* [What you need to do] Beginning at the line containing "Pistola de C02", give again every line through the end of the data, unchanged and with both ends included. Drop any pictures.

* [Dataset content]
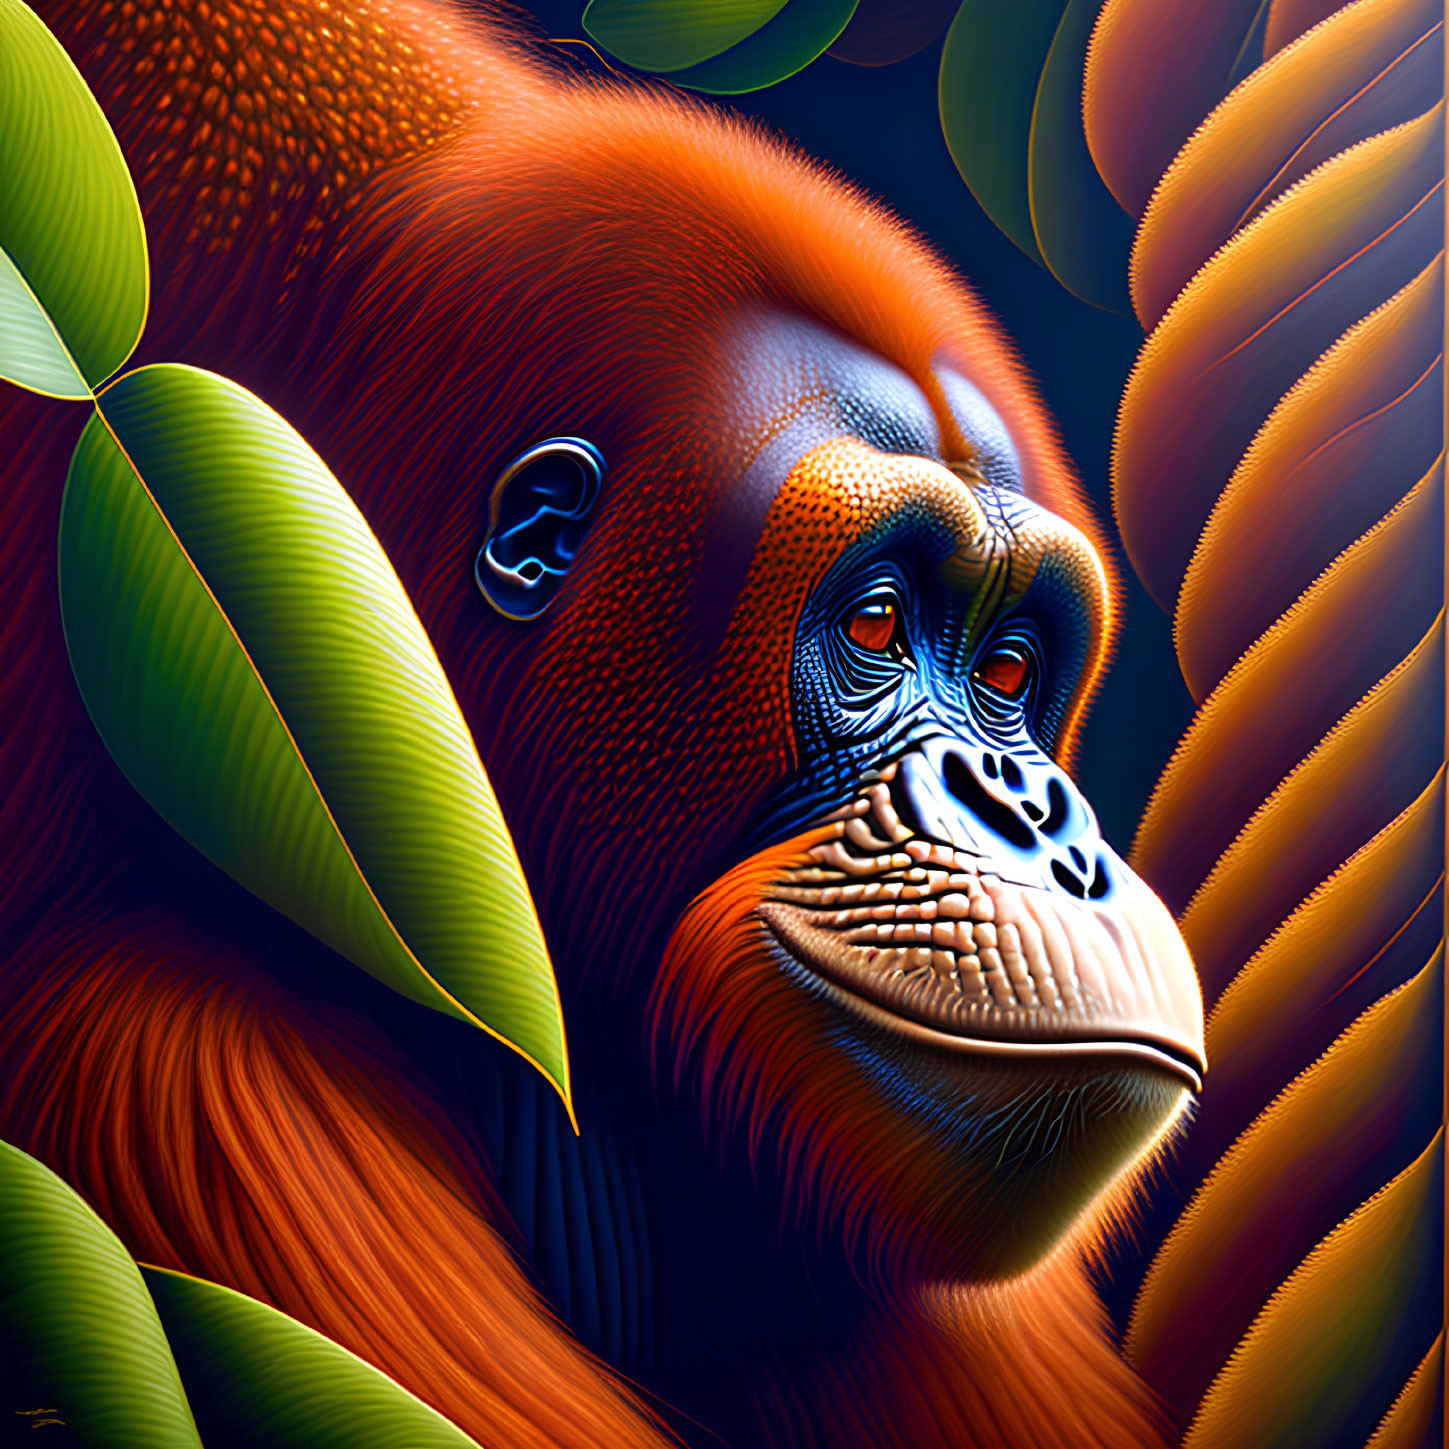 Colorful digital artwork: Orangutan with orange fur, green leaves, golden patterns
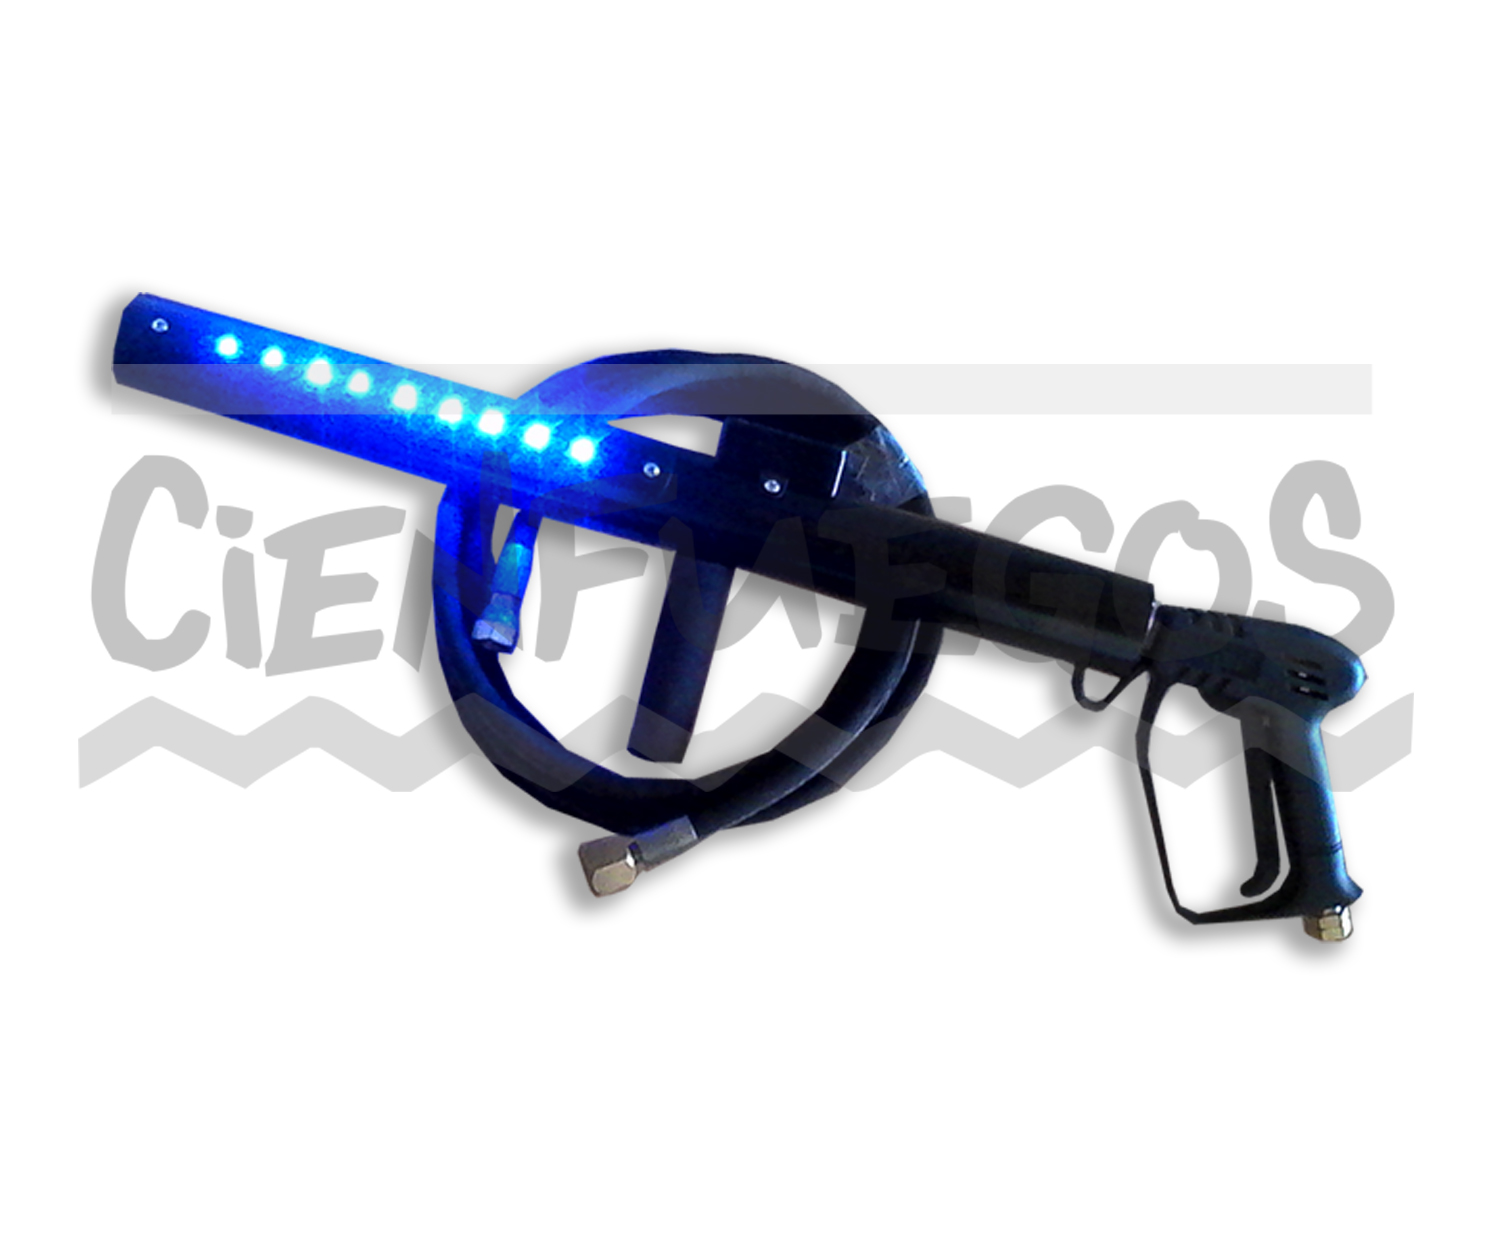 Pistola de C02 JET CON LED (Manguera Incluida de 4 mtrs)
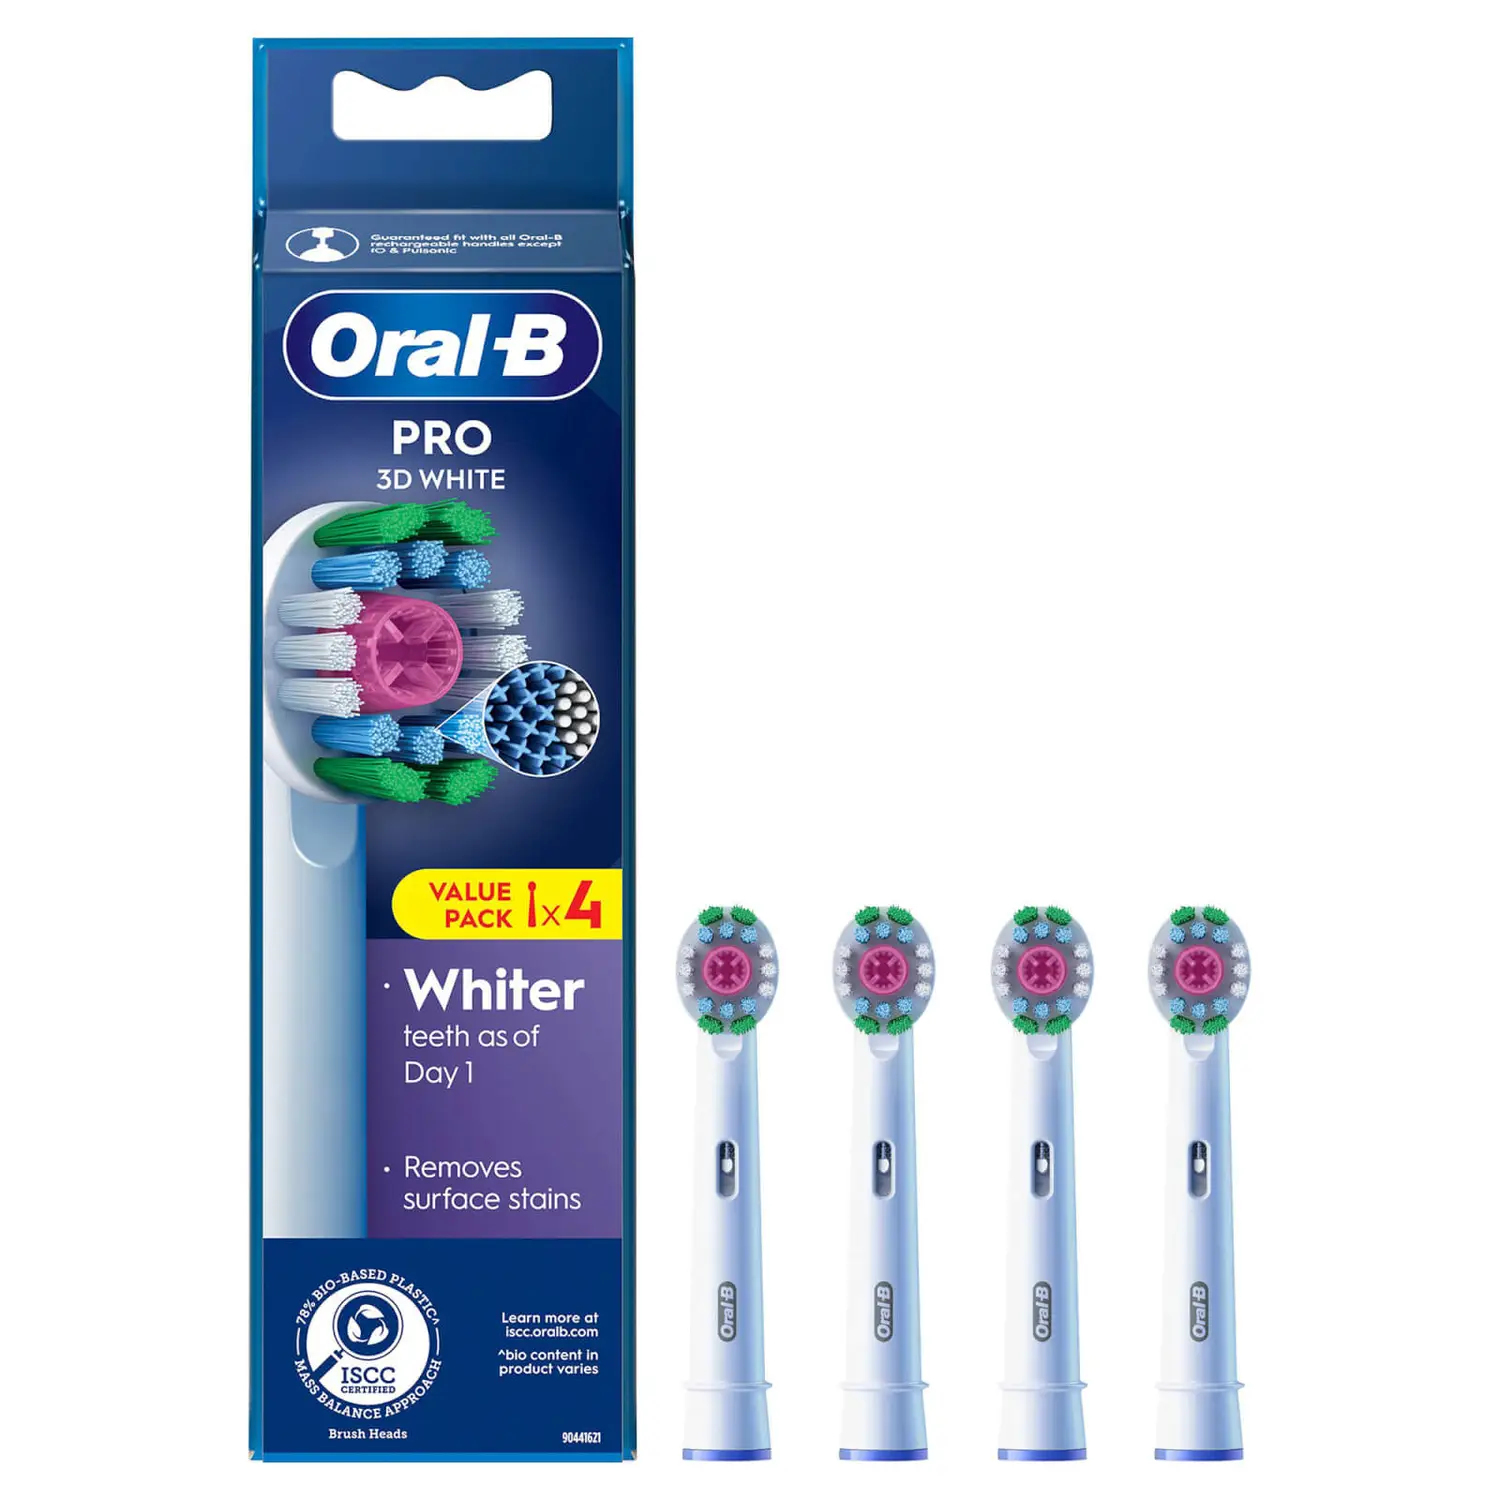 Oral-B 3D White

* [Solution below]
 Pistola de C02 JET CON LED (Manguera Incluida de 4 mtrs)
 Oral-B 3D White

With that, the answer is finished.